You can still use one of the 100 spin offs, including Linux Mint, if you want the benefit of the Ubuntu dev/testing ecosystem but don't want Unity or (in this case) stupid store nonsense all up in your grill.

It's a bad idea, but it's how the Linux ecosystem works. There aren't enough devs to go around.
This is a fairly dubious assertion. We don't have exact numbers for Microsoft and Apple, but for core kernel development or even low level OS features, I have to imagine Linux has them outclassed by an order of magnitude. Instead of one company driving activity, you have many.
 

Vanillalite

Ask me about the GAF Notebook
Hmm, there must be something wrong with my drivers.

Only the bruttish warrior guy has a face, the other player characters are faceless for me.

No I get that too. It worked for my dude at 1st, but then I got this hood thing, and there's no face now. I think it's just a bug, and it has to do with what helm you have on. It's only in the main character select screen for me so I don't really care. Top down view in game makes it basically irrelevant.
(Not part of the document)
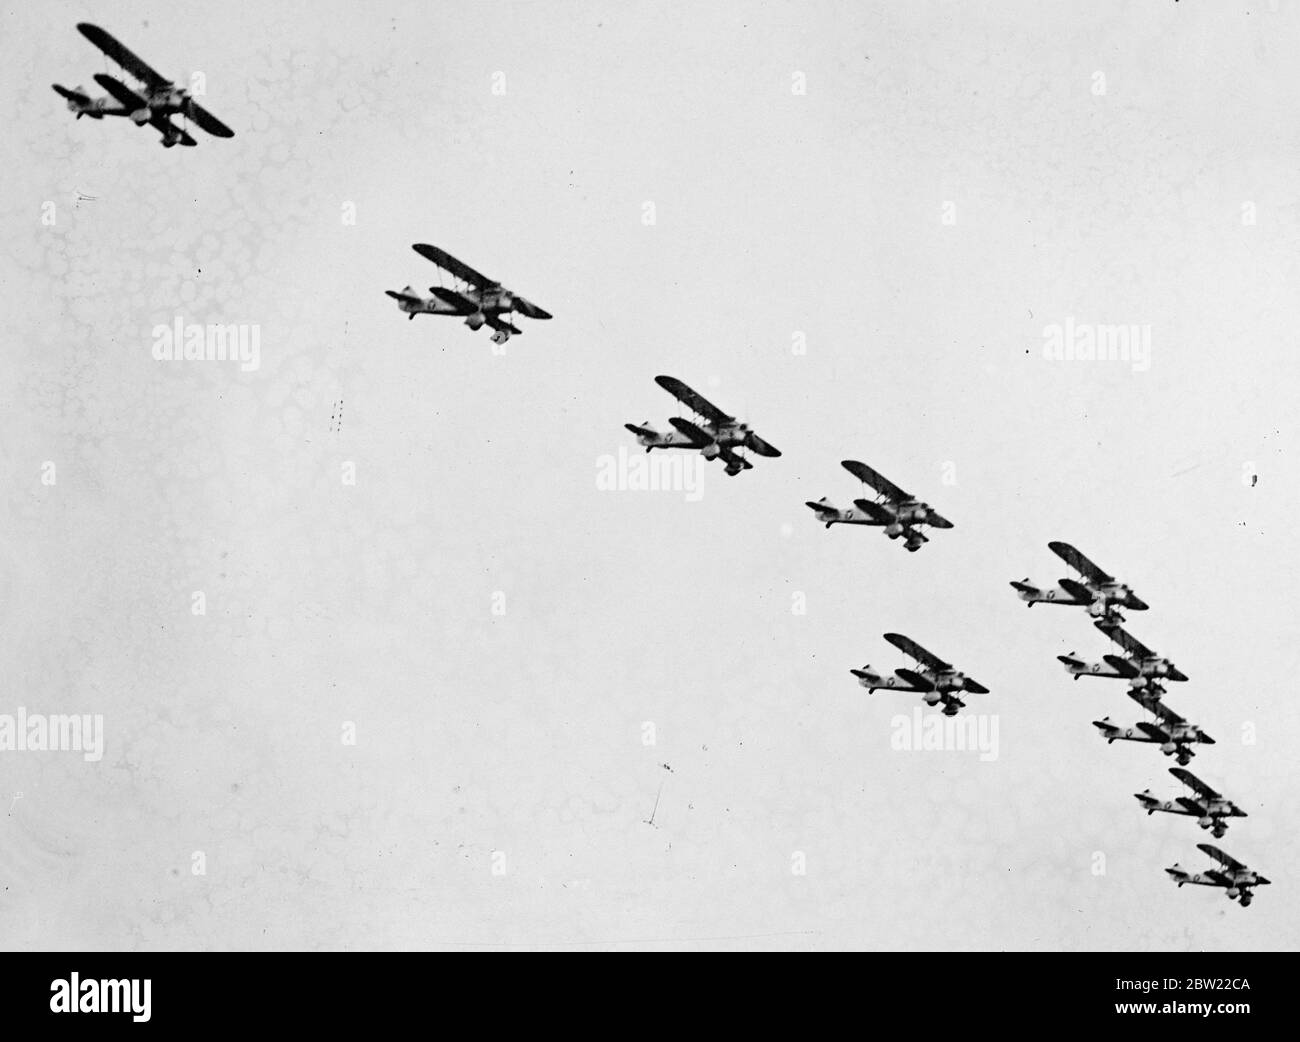 Austria reveals her secret air force. New warplanes saw over at Vienna. Vienna watched with surprised when Austria's new air force appeared in public for the first time at Aspern airfield, and dark grey monoplane bombers and swift fighters soared and dived over the heads of large crowds. The new air force is still illegal under the end of war St Germain Treaty. It has been built in the last two years. It is understood that Austria has 300 military machines, between 30 and 40, of which are bombers. Photo shows, a squadron of Austria's new warplanes Fiat CR.32, flying in formation over the Asper Stock Photo

PS: On a side note and maybe this already exists but I wish I could make it so the dash in Ubuntu cleared back the nothing verses keeping the last thing you typed in when reclick. I guess it could be annoying if you accidentally click off, but give me a toggle. That or just keep the type saved for like 30 seconds or something.
 

zoku88

Member
No I get that too. It worked for my dude at 1st, but then I got this hood thing, and there's no face now. I think it's just a bug, and it has to do with what helm you have on. It's only in the main character select screen for me so I don't really care. Top down view in game makes it basically irrelevant.

PS: On a side note and maybe this already exists but I wish I could make it so the dash in Ubuntu cleared back the nothing verses keeping the last thing you typed in when reclick. I guess it could be annoying if you accidentally click off, but give me a toggle. That or just keep the type saved for like 30 seconds or something.

I should actually play.

For some reason, I've been really shallow. I'm afraid that there will be a closeup at some point and my avatar will be missing a face :3
 

Vanillalite

Ask me about the GAF Notebook
So Linux-GAF what browser does everyone use since Linux versions can sometimes be a tad different than their Windows or OSX counterparts?!?!
 

gokieks

Member
Chrome. By far the best sync implementation of any browser, and that trumps basically all else. But even aside from that, it's a very good browser.
 

angelfly

Member
Firefox

I've tried multiple to get used to Chrome but it never works out. I can't replicate my extension set in Chrome and until I can I won't bother using it as my main browser. I also don't like the lack of options. Going into the settings in Chrome you see they try and keep things simple but I prefer the way Firefox just gives you lots of options on top of the ones they keep hidden. It does render pages fast but not fast enough that I regret sticking to Firefox.
 

Tworak

Member
Firefox across all my devices. I tried Chromium and Chrome for a while, but came back to the loving embrace of Firefox after a few months. The Mozilla Foundation can be jerks sometimes, but I trust them more to do the right thing than I do with Google.

That said, there really aren't any good browsers. They are all pretty average. When you add Flash into the equation as well, all browsers turn into being horrible instead of average.
 

-KRS-

Member
Yeah another Firefox user here. 64bit version provided by the official Arch repos. I was also using Chromium on my Atom N270 netbook for a bit because Firefox was too slow to be useable on it around Firefox 4. But now it's much faster so I can use it on that computer too. I still have Chromium installed on all my computers though. You never know when you need a different browser to test things out.